On a nationwide day of thanks, Rishko said the real gratitude is coming from somewhere up above.

“He's watching, and he's jumping up for joy,” Rishko said of her son. “He knows and I know that we’re saving lives.”

Thanksgiving was a favorite time of year for Shawn Rishko. Before feasting with their families, he and his Oak Park High School friends would meet at the campus and catch up, throwing around the pig skin.

But behind his fun-loving demeanor, his love for the game and his friends, Shawn Rishko was hiding a secret: bipolar disorder, which, his mother said, would eventually lead him to suicide at age 22.

Now on Thanksgiving, players compete for a trophy in Shawn’s honor.

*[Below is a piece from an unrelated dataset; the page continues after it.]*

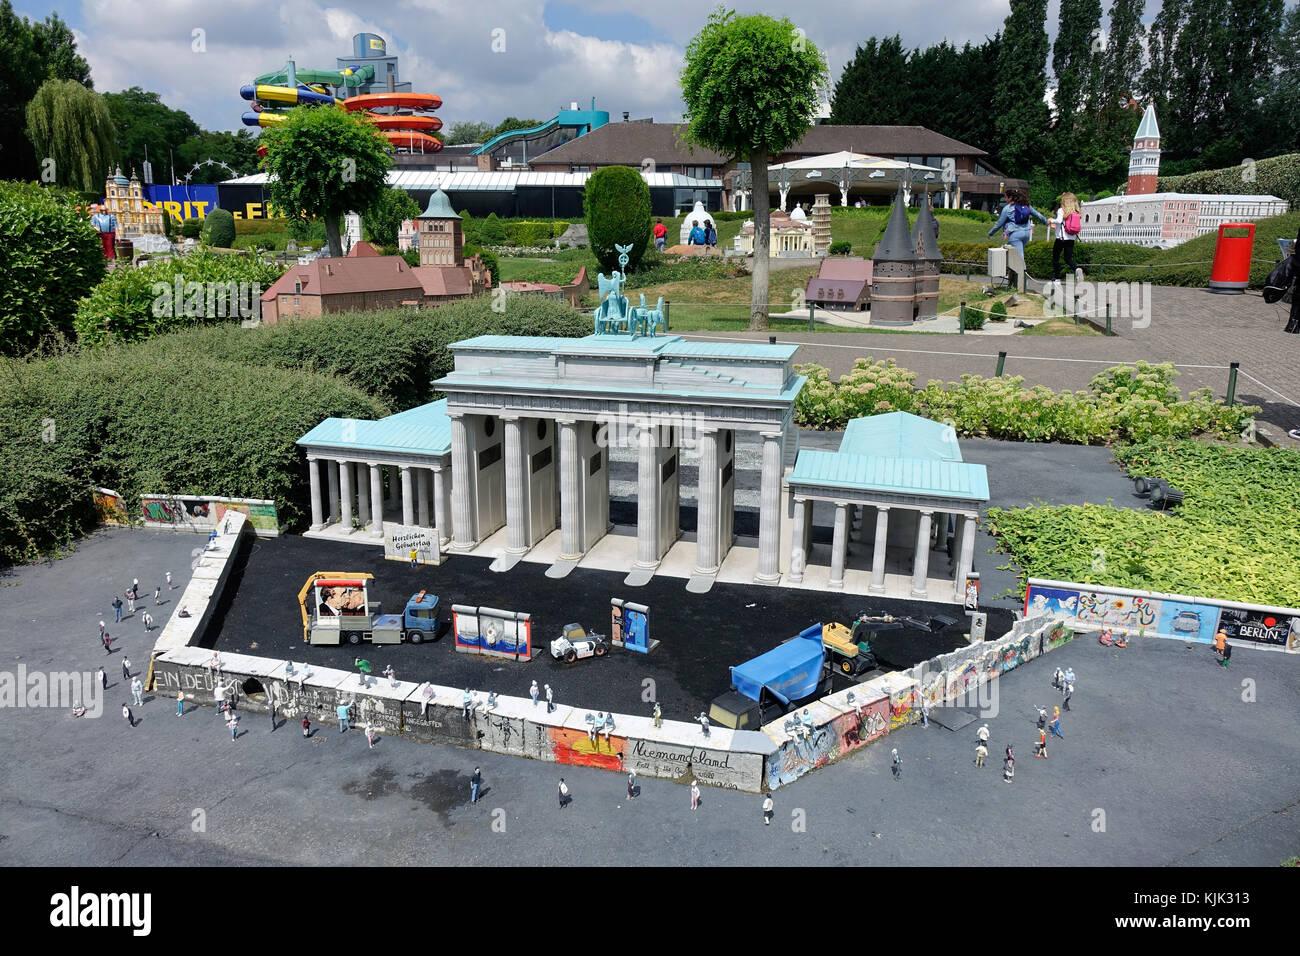 Una miniatura della Porta di Brandeburgo a Berlino, poco dopo la caduta del  muro di Berlino, presso il parco delle esposizioni di mini-europe nella  capitale belga Bruxelles, 26.06.2017. La porta di Brandeburgo

Each player pays to compete on the gridiron and there’s a raffle with all money raised benefiting the Depression and Bipolar Support Alliance, a help-center for people suffering from the illness.

“I learned about it, sadly, after his death,” Norine Rishko said of the organization. “I wish I knew about it ahead of time.”

The Turkey Bowl helps pay for young adult and teen support groups to give them the tools they need to get help.